Friday, August 07, 2009

4-H Livestock Auction

Two 4-H kids and their lambs, waiting for their turn to show.

The Northwest Michigan Fair opens on Sunday, with the culmination of the 4-H Livestock projects, the 4-H Livestock Auction, taking place on Thursday, August 13th. The 4-H Livestock Auction is an opportunity to purchase high quality, local, home grown animals for meat, for breeding stock, or to add to your laying flock. It is also the place to buy less mainstream meat like goat, rabbit or duck. For those who want to truly know what they are eating, the fair is an opportunity to interview the person who raised the animal, peruse feed records, compare animals, and to see who was deemed the best by expert livestock judges.

Darrel Robinson of the 4-H Livestock Council was kind enough to give me some advice about the action for first timers. 4-H kids will be showing their animals all week (see schedule here) through Wednesday, and will rated for both the quality of their animals and for showmanship (their knowledge of and handling of their animal). Wednesday evening , the eve of the auction, is a good time to walk the barns and talk with the kids about their animals. Registration for the auction is at 8 am on Thursday morning; the auction starts at 9 am. The auction proceeds one specie at a time, beginning with swine. The lineup looks something like this:
Meat Chickens
Production Chickens (layers)
Dairy Feeders
Jr. Beef
There is a free appreciation luncheon for all registered buyers at noon on auction day. Registered buyers also get free fair admission on auction day. Buyers are also publicly thanked in fair and newspaper advertising. If you are interested in bidding on an animal but can't be there for the auction, you may complete a "proxy card" which authorizes 4-H Livestock Council to bid on your behalf. Call 228-6562 to get a buyer's pass or a proxy card.

After the auction, you may choose from five different local processors, who will slaughter, butcher, vacuum pack, and freeze your meat to your specifications. The processors will have their services and prices posted at the auction. Smoking and other specialty processing is available. 4-H will transport your animal to the processor at the close of the fair. (If you wish to take your animals home instead of to a processor, this is allowed.)

Families who have purchased or shared in the purchase of a cow or pig tell me that having a whole animal in the freezer challenges them to find recipes for more than the usual cuts of meat. I've found these recipes in older cookbooks and ethnic cookbooks. Authentic ethnic cooking often requires goat, rabbit or duck, smaller animals perfect for adventuresome cooks with less freezer space.

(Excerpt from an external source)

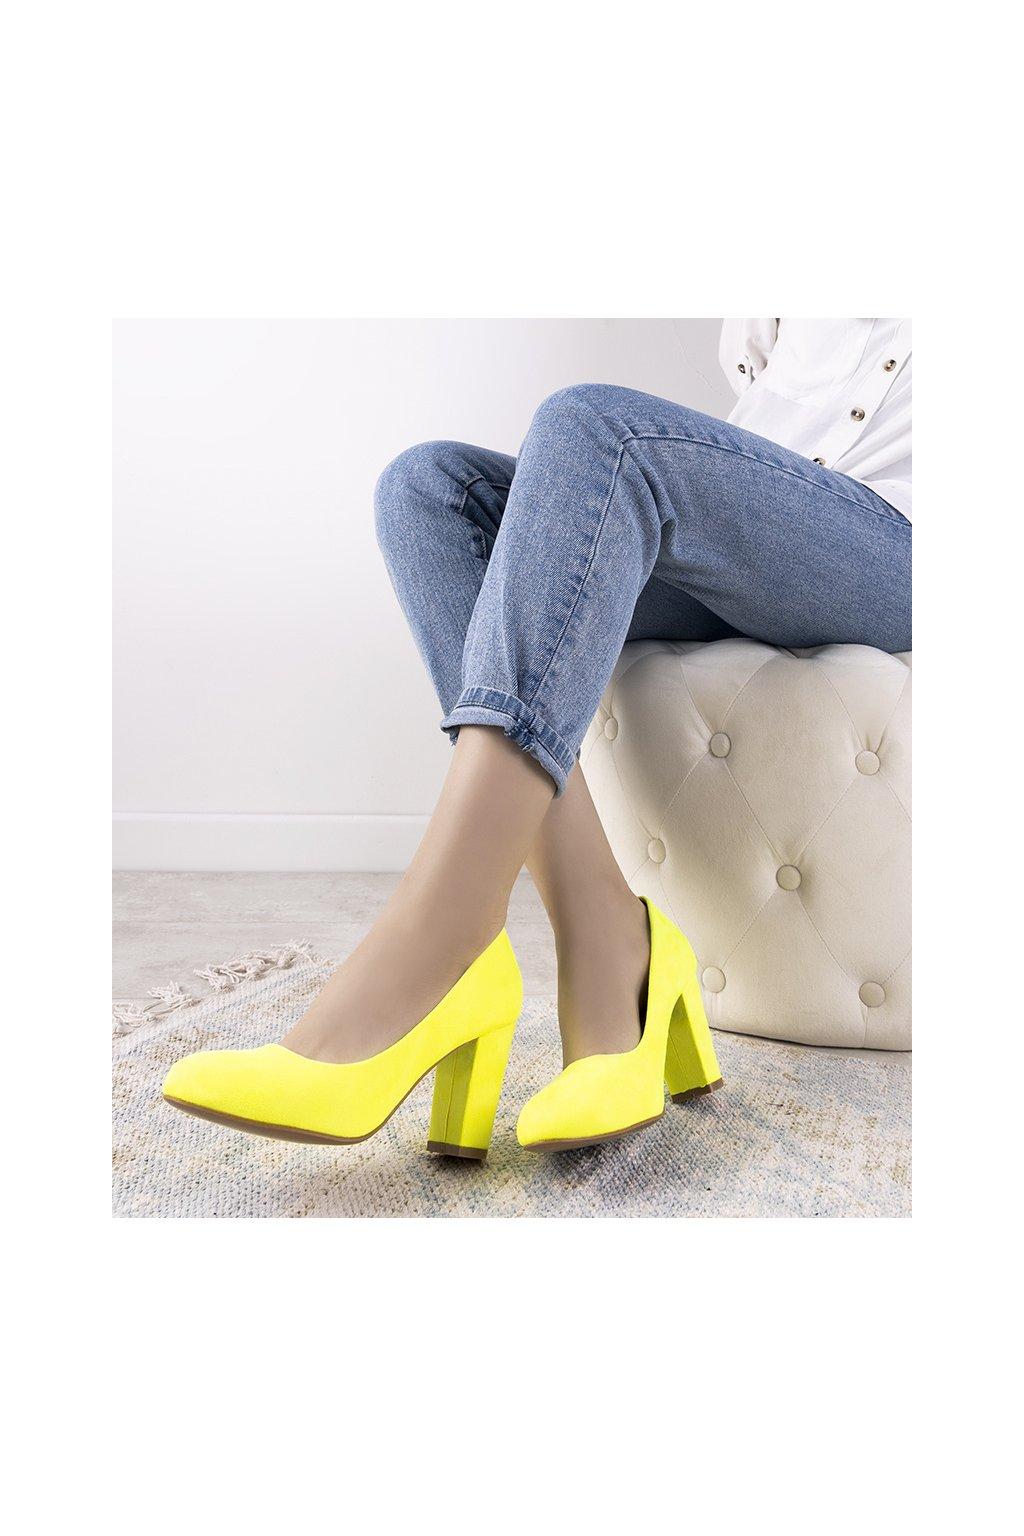 Dámske topánky lodičky žlté kód DH02 - GM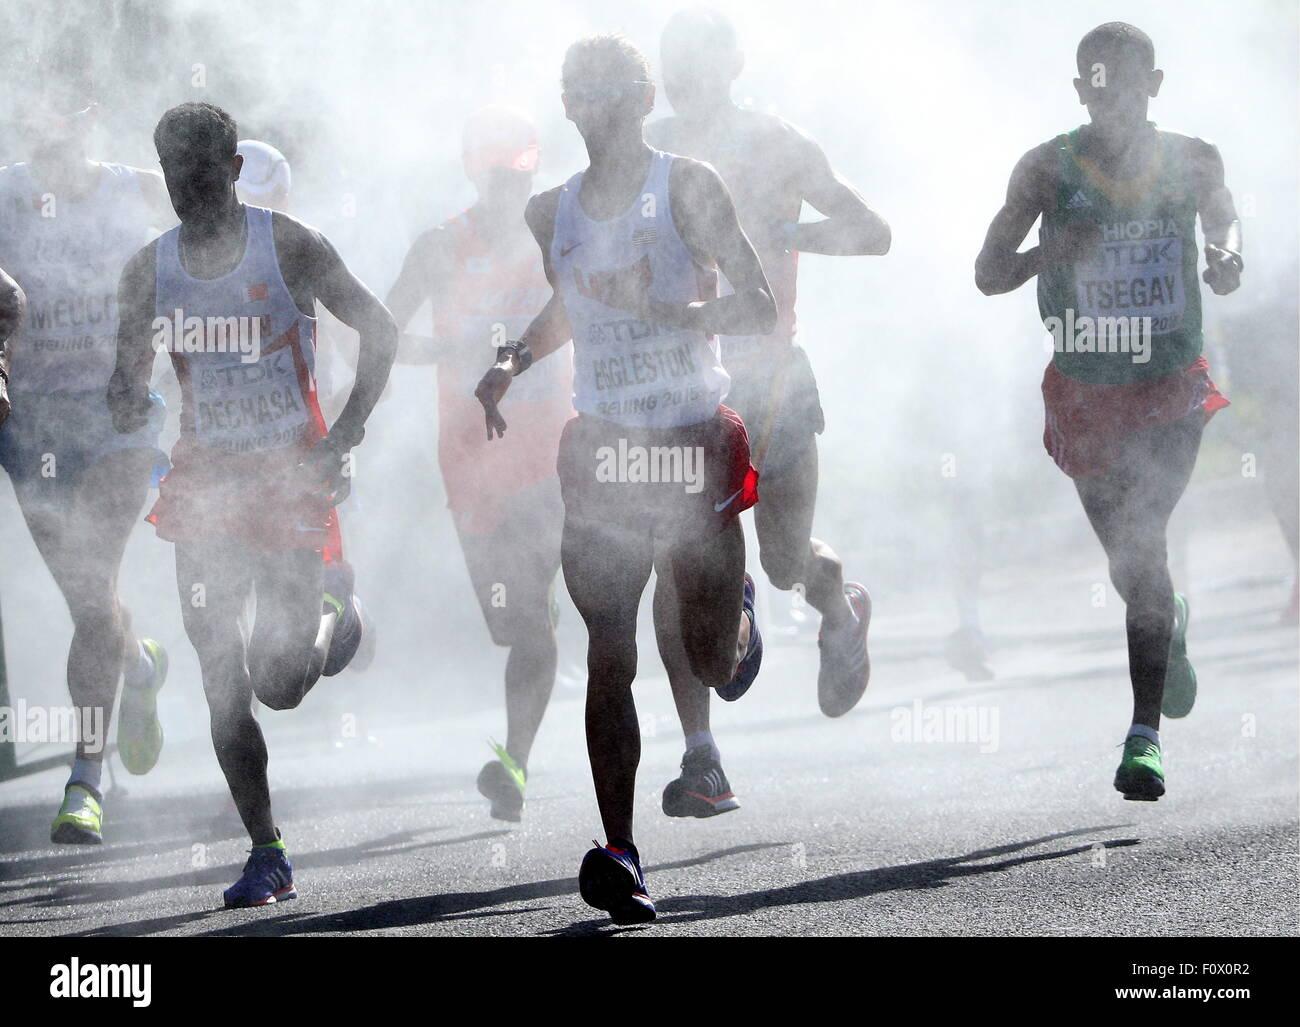 Peking, China. 22. August 2015. Athleten kämpfen im Marathon bei den 15. Weltmeisterschaften in der Leichtathletik. Stockbild

Buying at the 4-H Livestock Auction is more than just an alternative way to buy food. Last week at the Traverse City Film Fest, I saw Food, Inc. and was inspired to hand out Livestock Auction brochures at the discussion afterward. During the film, the audience murmured and groaned during scenes of animal distress. I was more moved by descriptions of farmers' distress. The cheap meat that we see in the grocery store is made possible by a system that forces farmers to accept higher and higher levels of debt and diminishing levels of actual income. I'm not worried about the future of the factory far. -- the system is unsustainable and will crumble under its own weight -- but I'm worried that as we build more sustainable systems we will face a dearth of young people who know how to actually work with animals. Supporting 4-H through the Livestock Auction is a way to support the next generation of food producers.